Réunies autour d'une session de « pitchs », plusieurs start-up ont présenté leurs produits et solutions innovantes au service des ports de l'axe Seine. Proxipi, une jeune pousse rouennaise née en 2013, a inventé un système qui vise à prévenir les collisions entre engins et piétons, fondé sur la détection par champ magnétique codé. Elle a obtenu le soutien de HAROPA pour transposer son système, conçu pour des petits engins, dans le secteur portuaire où les machines de manutention sont plus imposantes. Lauréate de la 3ème édition du hackathon Smart Port City organisé par Haropa les 16 et 17 novembre à Gennevilliers, la jeune entreprise CrossRoads a de son côté été primée pour son chatbot qui cherche à simplifier la mise en relation entre entreprises qui recrutent sur le port et les demandeurs d'emploi.

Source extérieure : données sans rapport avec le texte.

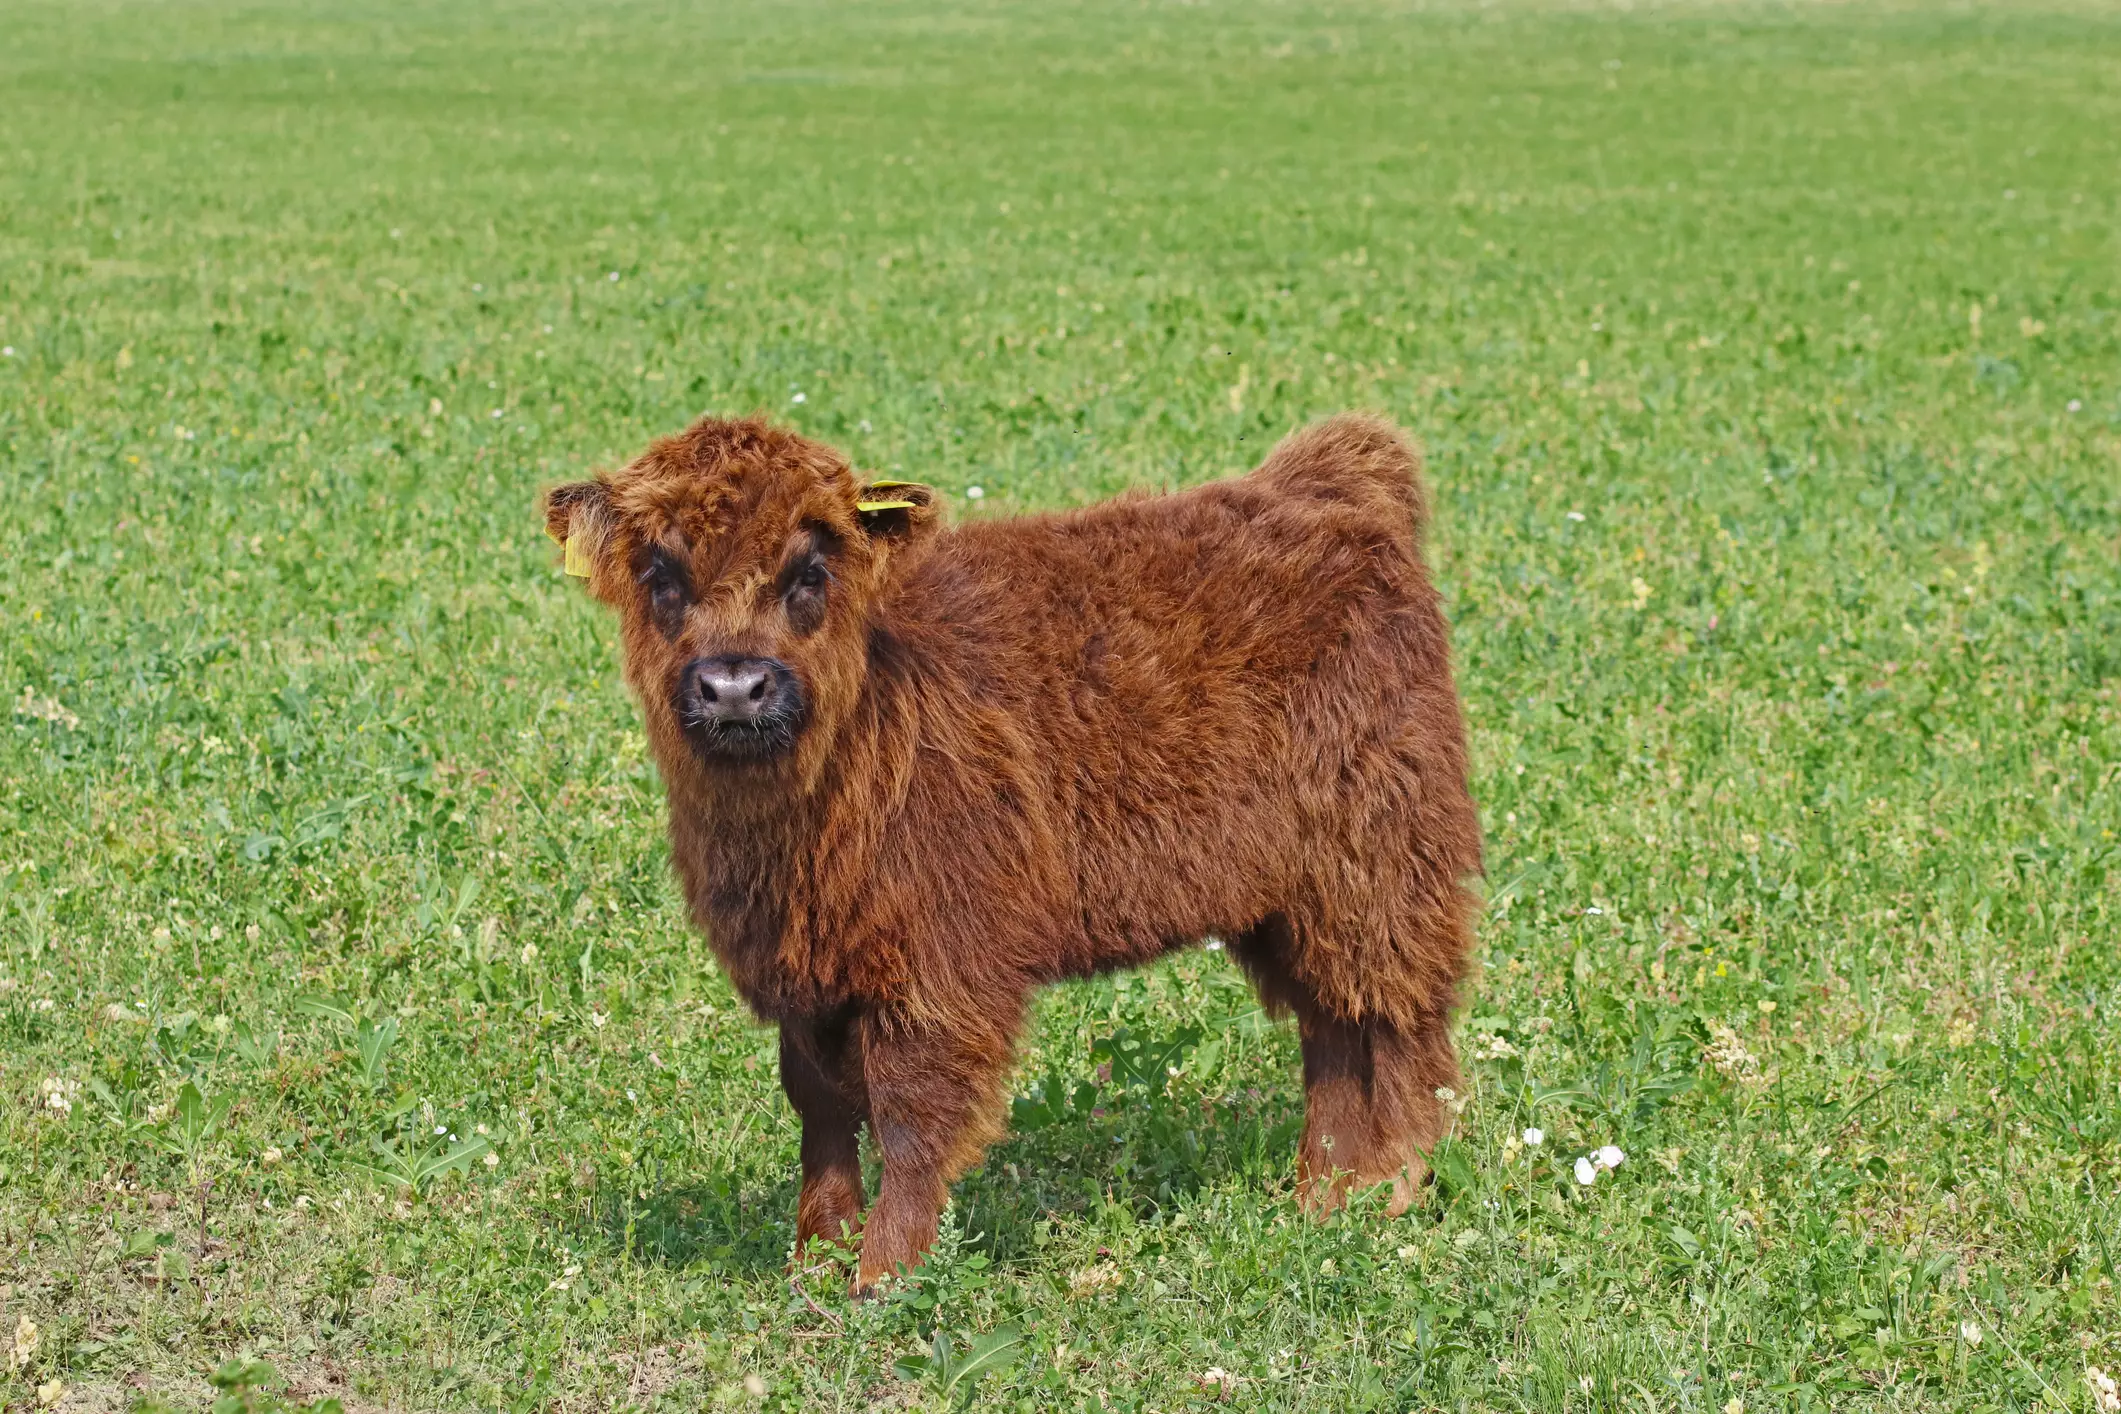 You Can Get Yourself A Fluffy Miniature Cow For A Pet

Pour sa part, l'entreprise Sinay, basée en Normandie, forte de 50 collaborateurs, surfe sur le Big Data maritime : elle propose une base de données maritime mondiale, l'analyse d'impacts et de risques, tout comme une interface pour évaluer les indicateurs de performance industriels.

Autant de projets ou d'actions déjà menées qui font de la démarche « smart corridor » des ports HAROPA, appelés à prochainement fusionner pour peser dans la compétition mondiale, d'ores et déjà une réalité.